Best optimization result as a function of the reliability index for the crash-worthiness vehicle side impact problem

7 Conclusions

An alternative approach to the optimization under uncertainty has been introduced and illustrated with examples related to both robust and reliability based design optimization. Furthermore, a method, based on the well known bootstrap statistical technique, has been introduced to estimate the error introduced by the usage of the ECDF instead of the true CDF.

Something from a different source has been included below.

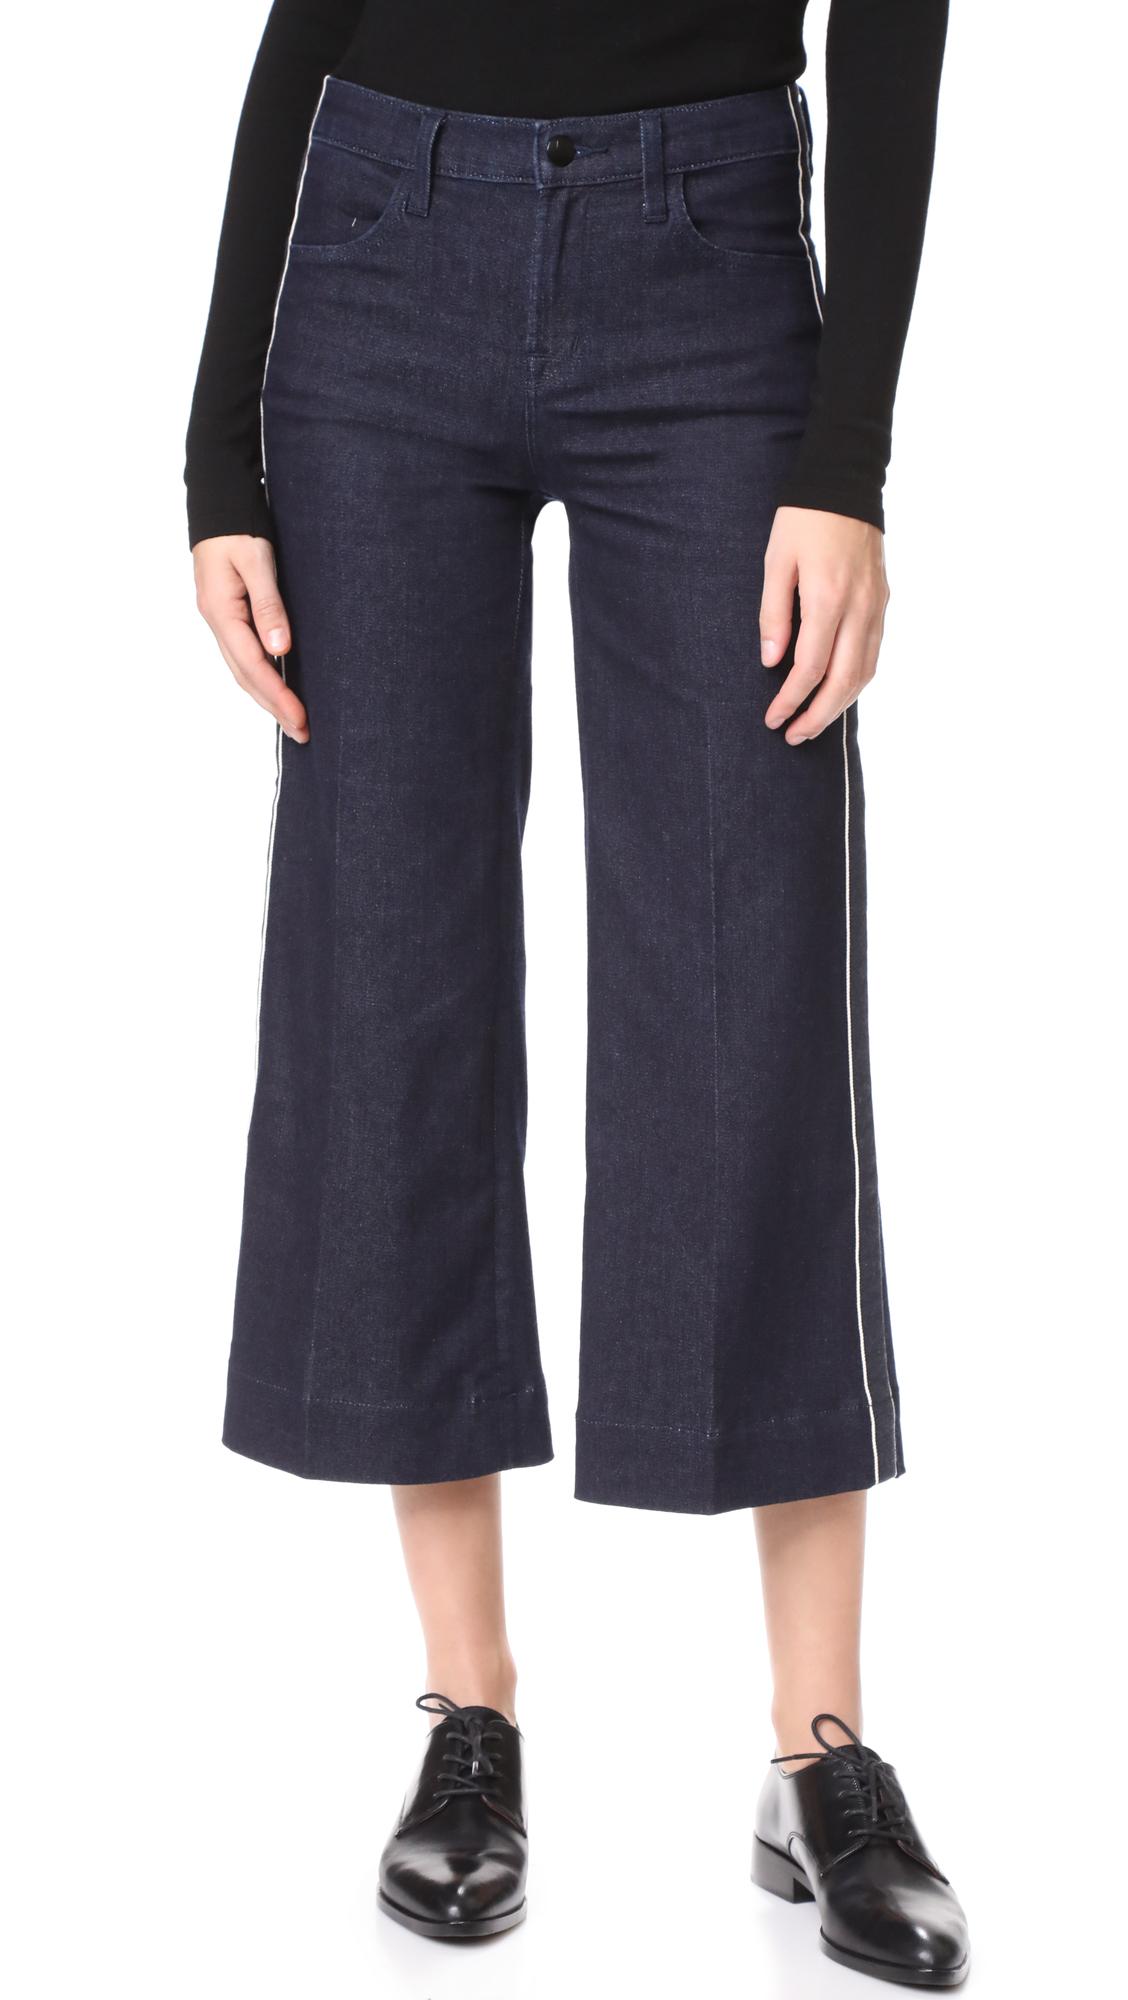 J Brand Liza Mid Rise Culotte Jeans - Border

The algorithm used for optimization is a classical genetic algorithm, but, to further improve the proposed procedure, an optimization algorithm capable of accounting for the errors in the estimation of the CDF has to be conceived. This is a very important topic and it will be subject of next research work. In particular, to reduce the curse of dimensionality, the effect of different sampling methodologies, like stochastic collocation, on the estimation of the ECDF will be considered in future works. Indeed the possibility to use the error on the ECDF estimator to properly refine the probability space using adaptive uncertainty quantification algorithms will be explored.